Although the study site had been abandoned for 40 years and was adjacent to broad-leaved forest composed mainly of adult trees of species in the Fagaceae, such as Q. myrsinifolia and C. sieboldii, no seedlings were observed in plots with intact vegetation in 2008 (Tokuoka et al. 2011). Our results agree with those in our previous study (Tokuoka et al. 2011): we observed no seedling recruitment in nonseeded control subplots. These results suggest that severe seed limitation contributed to the inhibition of natural afforestation at the site.

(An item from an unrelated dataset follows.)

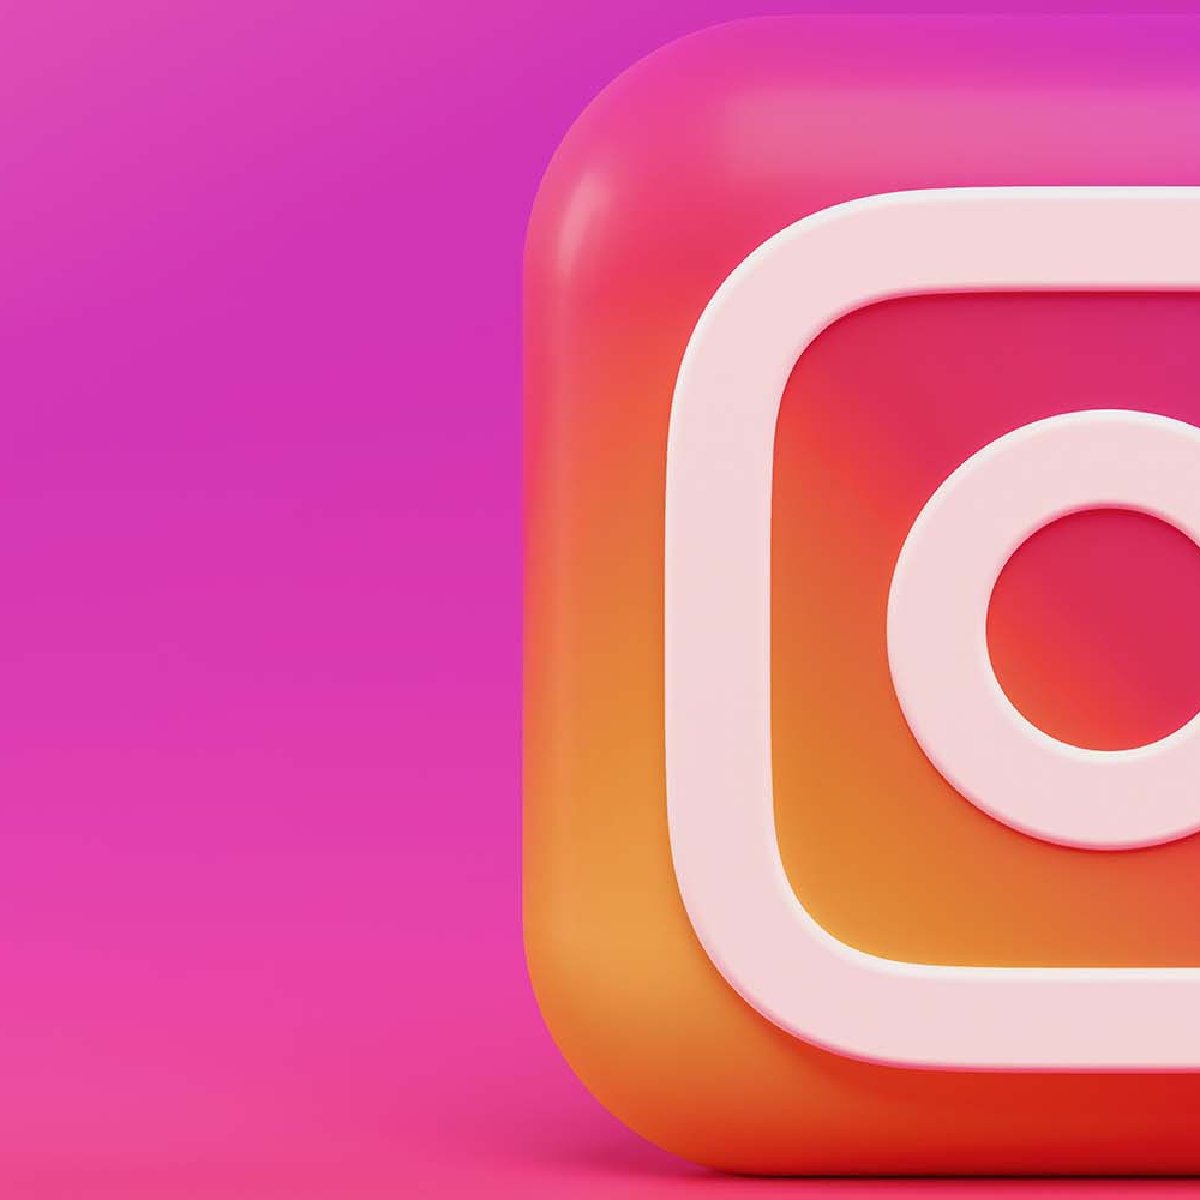 How do I Create an Instagram Account without Facebook - H2S Media

A previous study indicated that the addition of Quercus litter and Solidago litter reduced the loss of Quercus rubra seeds (Myster and Pickett 1993). Our experiments also showed a slightly beneficial influence of litter addition for Q. myrsinifolia and C. sieboldii in the gap plots (Fig. 2), but the effect of the litter was not consistent among the plots and the difference between the treatments was not significant (Table 2). Among the eight planted species, these two species showed the slowest germination in the nursery (data not shown) and the smallest size under our experimental setup (“Appendix” section). In particular, C. sieboldii seedlings had not opened their first adult leaf on the transplanting date. This would mean that the cotyledon remained similar to its state in the ungerminated seed and would be attractive to mice. Therefore, raising seedlings for a longer period before transplanting them would help to avoid predation damage during the early establishment stages. Future research should determine the optimal seedling age or size for transplanting of each species.

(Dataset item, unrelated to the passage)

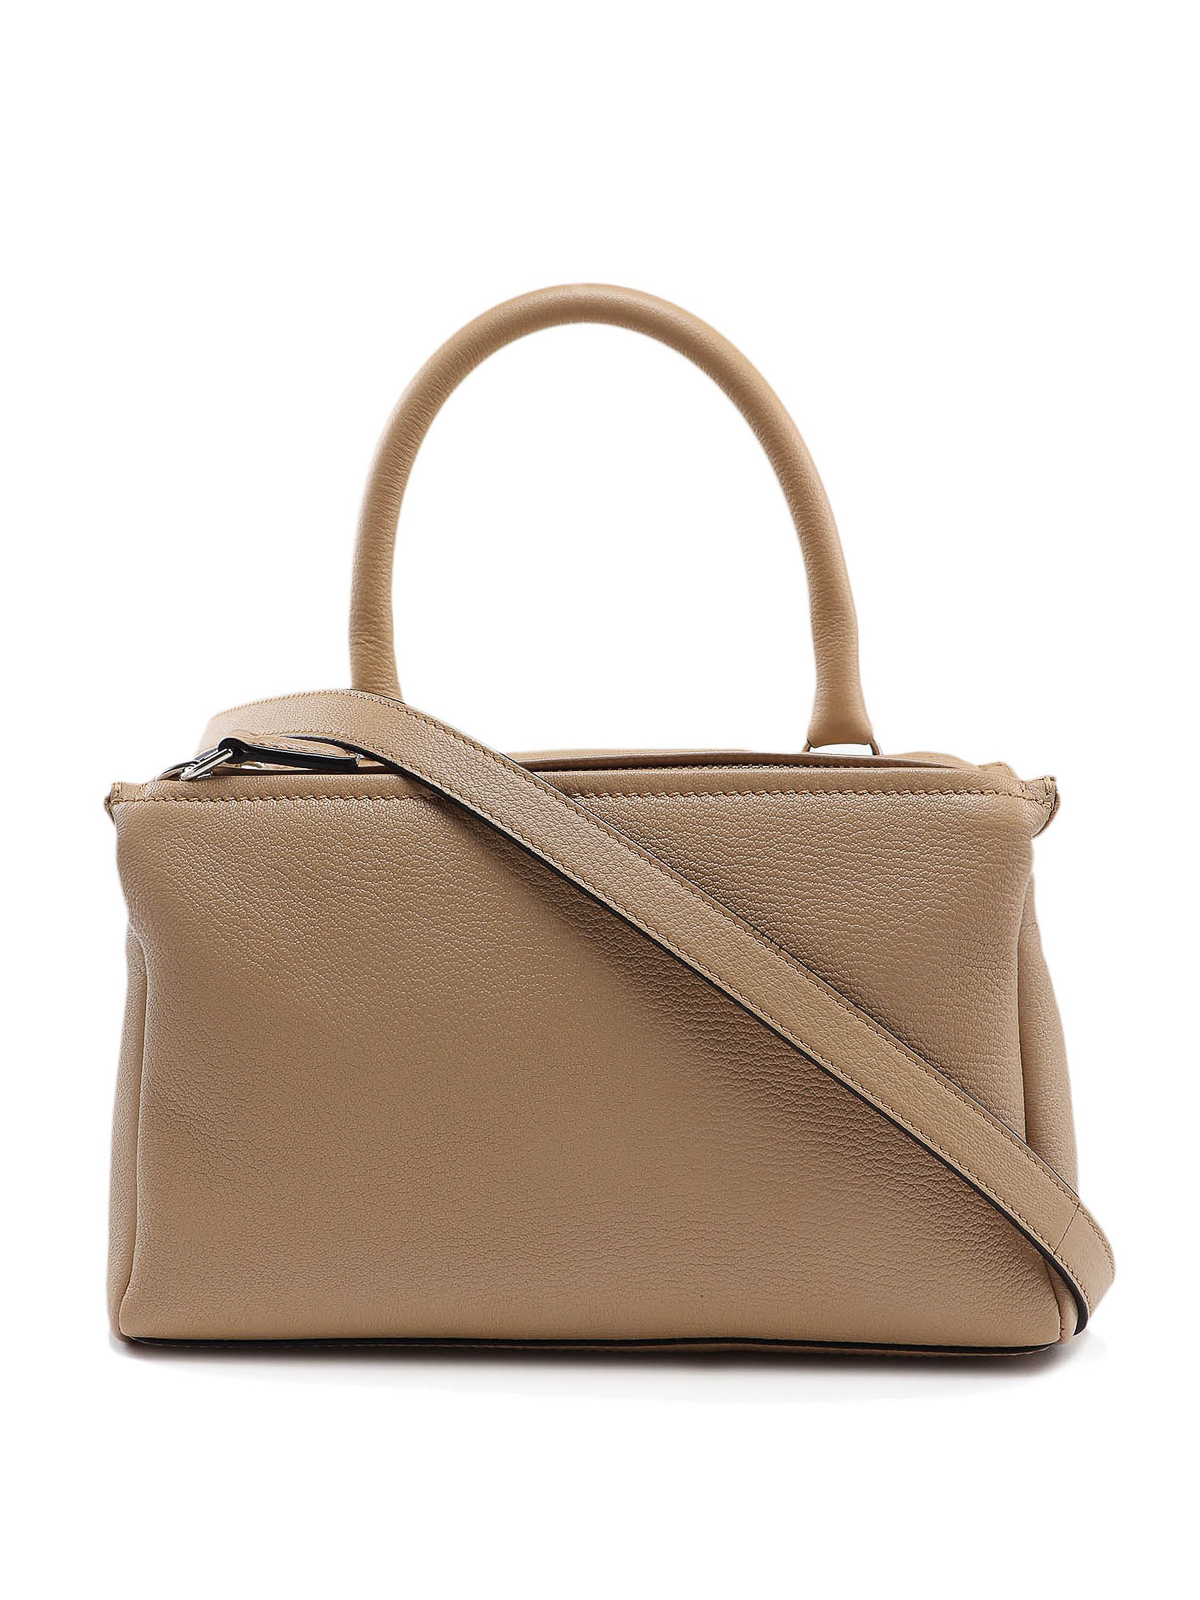 Givenchy Pandora Small Bag In Beige

In the agricultural landscape of the Kanto plains where our experiment was conducted, forest patches are highly fragmented and forest-agricultural field ecotones are a common landscape feature. Therefore, vines such as P. lobata that prefer forest edges and dominant species such as P. chino that prefer a forest floor or a mowed field can easily invade these sites as a result of their clonal growth habit. In fact, even in cultivated fields adjacent to secondary forests, farmers in this region usually need to prevent P. chino invasion by digging a ditch around the edges of their fields as a barrier to its rhizomes or annually managing the aboveground culms of these species. Considering the weediness of these two competitive species and their persistence in the agricultural landscape of our study area, our results suggest that simultaneous implementation of vegetation removal and the planting of seeds or seedlings will be required to effectively overcome the effects of competition combined with severe microsite limitations during the initial afforestation process. In addition, it may be necessary to install animal exclosures to decrease seed predation, or to transplant older seedlings to decrease herbivore damage, although the optimal strategy for each tree species must be determined in future research.